BACKGROUND: MR W is a 48-year-old lorry driver and attends his GP, Dr B, for a medical test. He is required by the DVLA to undergo regular health checks in order to retain his HGV licence. As part of the consultation, Dr B carries out a visual acuity test, measured on the Snellen scale. She records a score of 6/9 in each eye (uncorrected) on Mr W’s DVLA form and concludes the consultation with no further advice.
Five weeks later, the practice receives a letter from solicitors acting on behalf of Mr W stating that the visual acuity scores provided by Dr B did not meet the minimum standards set by the DVLA. This lead to his HGV licence being revoked, leaving him unable to work. The letter states that Mr W later had his vision tested at a high street optician, but this time while wearing glasses. The subsequent score did meet the DVLA standards and he successfully reapplied for his licence.

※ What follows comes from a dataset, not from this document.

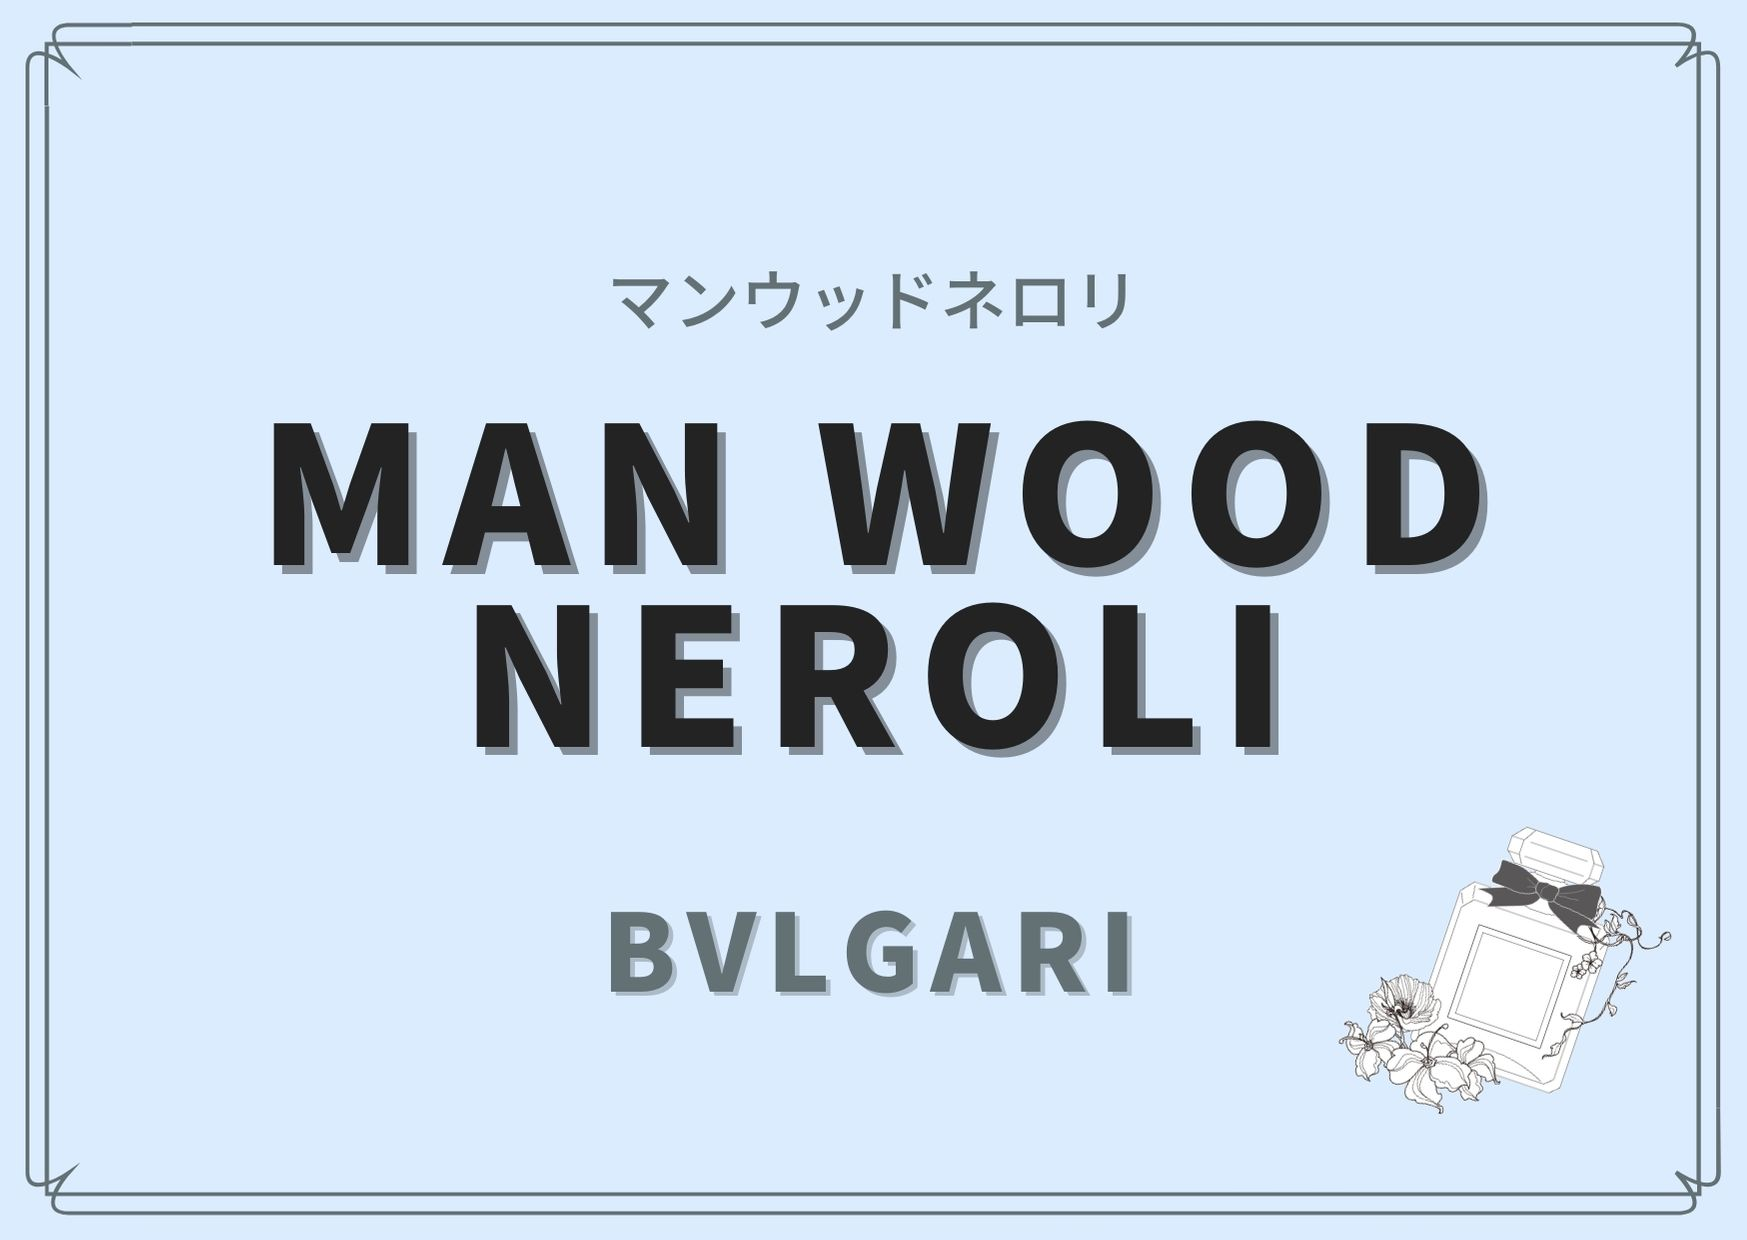 Man Wood Neroli(マンウッドネロリ)/ BVLGARI(ブルガリ)

Dr B is accused of failing to fully explain the consequences of the patient’s test scores and she is held responsible for his loss of income during the period his licence was revoked.
ANALYSIS/OUTCOME: Dr B contacts MDDUS for assistance and admits that she may not have carried out the test correctly. In discussion with a medical adviser, she explains that she conducted the test in a dark room and accepts she should have advised the patient to wear his glasses to ensure he met the minimum standard, as per DVLA guidance. She also accepts that she should have explicitly advised the patient regarding his sub-standard test results before concluding the consultation.
In agreement with Dr B, MDDUS settles the case by paying a small sum of compensation for Mr W’s lost earnings.
- Be mindful of the practical consequences of patient health test results.
- Ensure the consequences of results are fully explained, particularly in regard to potential negative impacts.